It is worth noting that at the end of the Eleventh Five-Year Plan period, the public version of the National Geographic Information Public Service Platform Sky Map was opened and had an important impact. The plan proposes that during the "Twelfth Five-Year Plan" period, the service function of "Sky Map" will be extended to the provincial and municipal levels, and the promotion and application of "Sky Map" will be strengthened to build it into a Chinese independent brand of Internet content services.
Strive for inclusion in emerging industry planning
The plan also stated that it will continue to improve industrial development policies and strive to incorporate the geographic information industry into national strategic emerging industry plans. Encourage geographic information companies to participate in government procurement, promote the application of enterprises' independent innovation products in government investment projects, and strive to achieve the use of Chinese-made equipment in major surveying and mapping projects exceeding 50%.
The plan also proposes to deeply explore the market potential of location-based geographic information services, and greatly improve the geographic coverage of the geographic information services business and the level of market profitability. This includes increasing the integrated application of geographic information technology and related technologies, and fostering new economic growth points. Increase the application of geographic information technology and location service products in e-commerce, e-government, intelligent transportation, modern logistics, etc .; develop geographic information-based electronic game products, geographic information television channels, and

Geographic Information System Training Objectives

This major develops the basic knowledge and basic skills of geographic information system and cartography, can engage in scientific research or teaching work in scientific research institutions or colleges, and can work in cities, regions, resources, environment, transportation, population, housing, land, foundation Geographic information system senior professionals who are engaged in GIS-related applied research, technology development, production management, and administrative management in facilities and planning management.

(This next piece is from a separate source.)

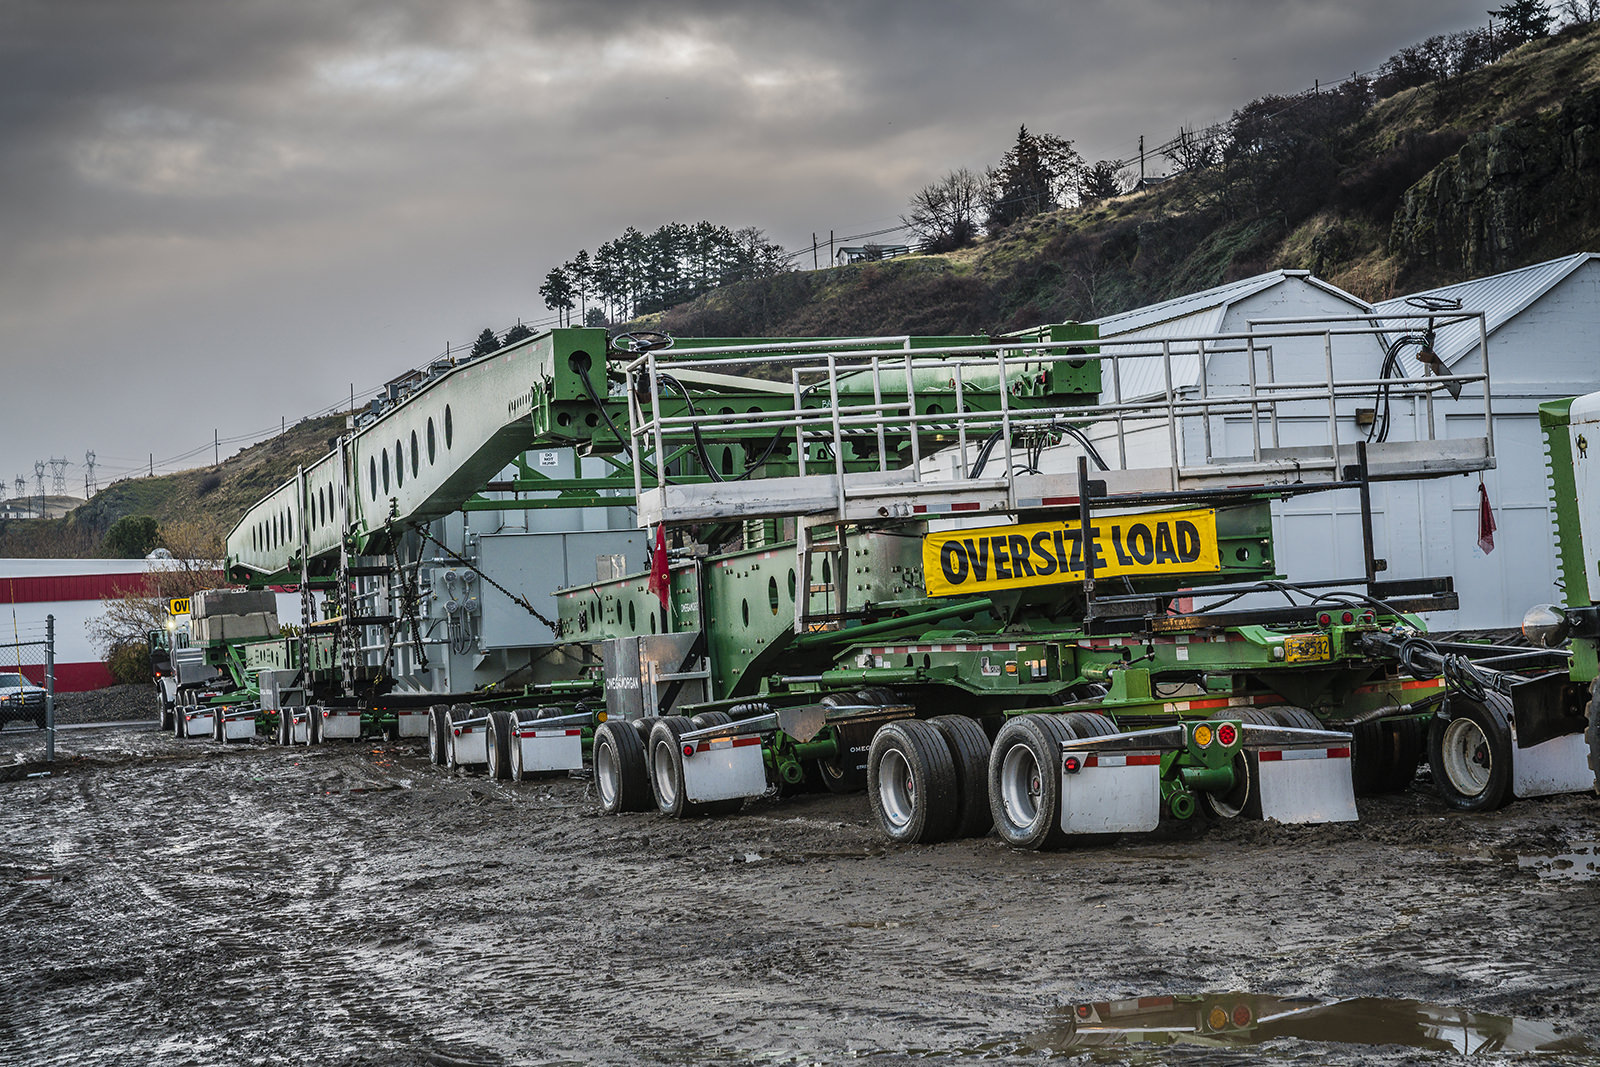 Deporting rail siding with 40,000lb transformer on high frame trailer
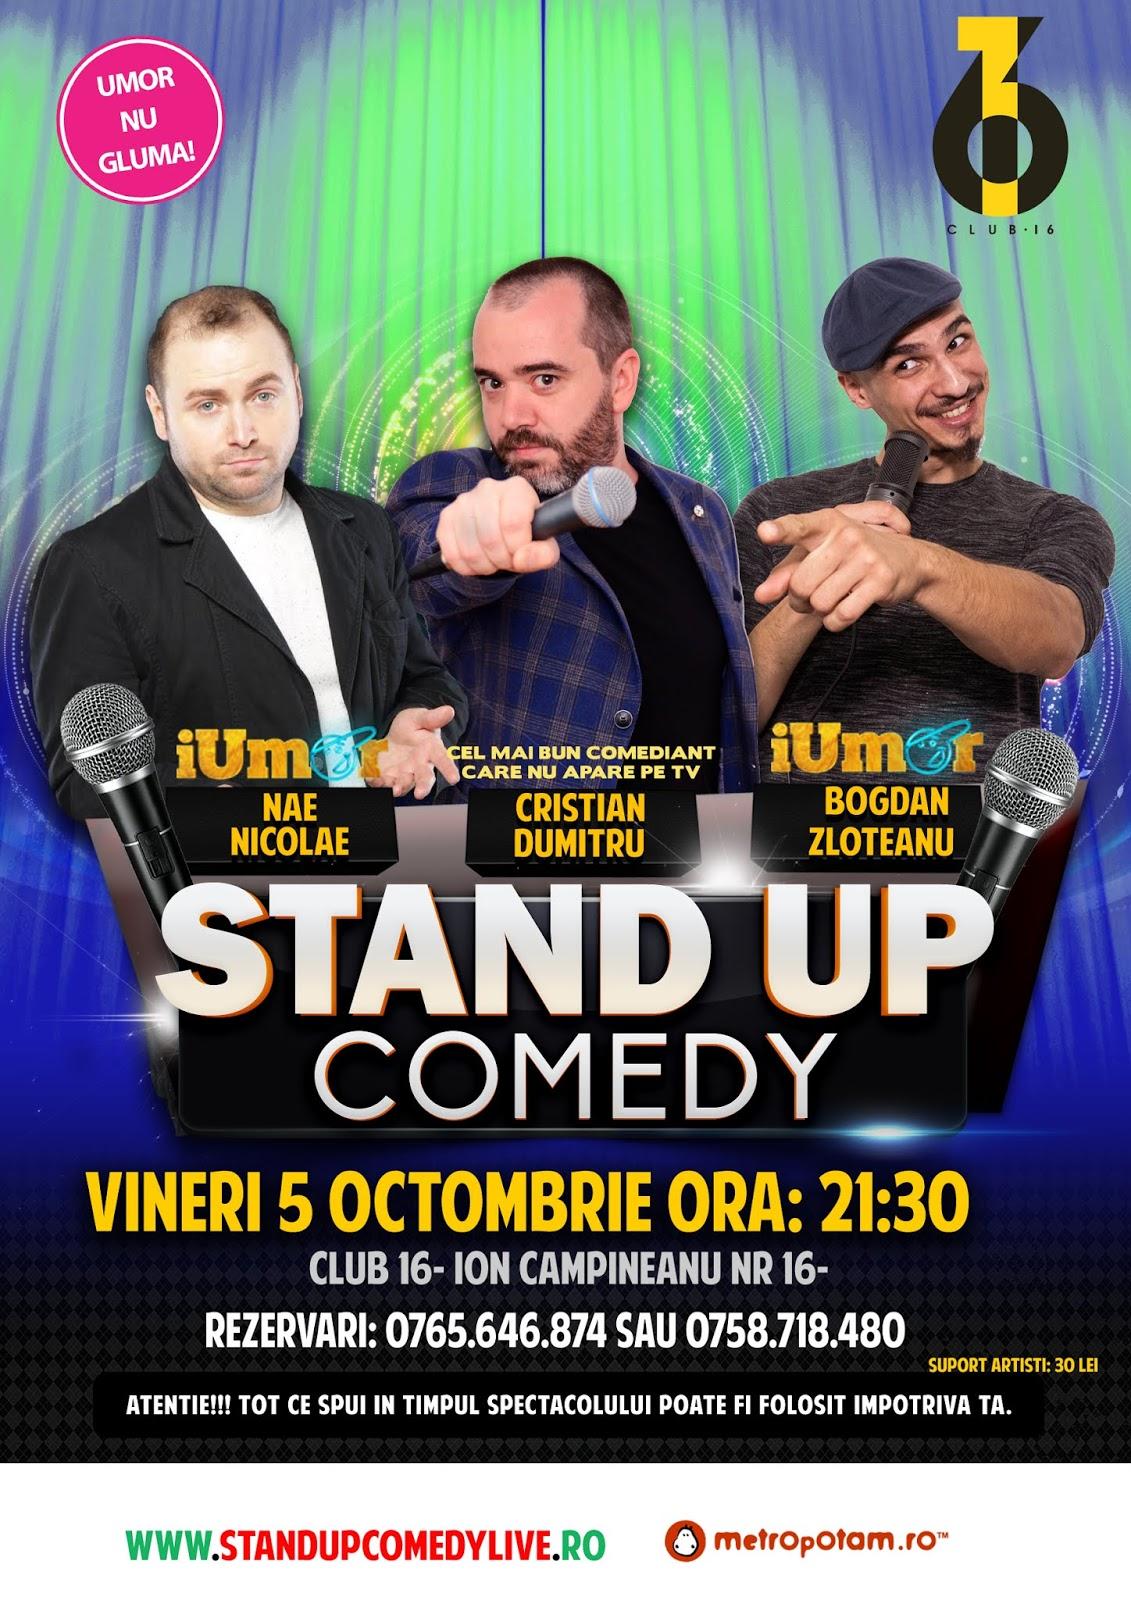 Stand-up Comedy Bucuresti Vineri

Geographic Information System Training Requirements

Students in this major mainly study basic theories and basic knowledge in geographic information systems, cartography, and remote sensing technology. They are trained in scientific thinking and scientific experiments in applied basic research and technology development. They have good scientific literacy and geographic information system research. , Basic skills in design and development, and preliminary teaching, research, development and management skills.

Geographic Information System Knowledge Capability

1. Grasp the basic theories and basic knowledge in mathematics, physics, computer science, etc .;
2. Grasp the basic theory, basic knowledge and basic experimental skills of geographic information systems and cartography, as well as the basic principles and basic force methods of geographic information system technology development;
3. Understand the general principles and methods of adjacent majors such as geography, resources and environment, urban and rural planning management, and surveying and mapping engineering;
4. Understand national science and technology policies, intellectual property rights, sustainable development strategies and other related policies and regulations;
5. Understand the theoretical frontier, application prospects and latest developments of GIS, and the development status of GIS industry;
6. Master the basic methods of data inquiry, literature retrieval and the use of modern information technology to obtain relevant information; have the ability to determine experimental design, create experimental conditions, summarize, organize, analyze experimental results, write papers, and participate in academic exchanges.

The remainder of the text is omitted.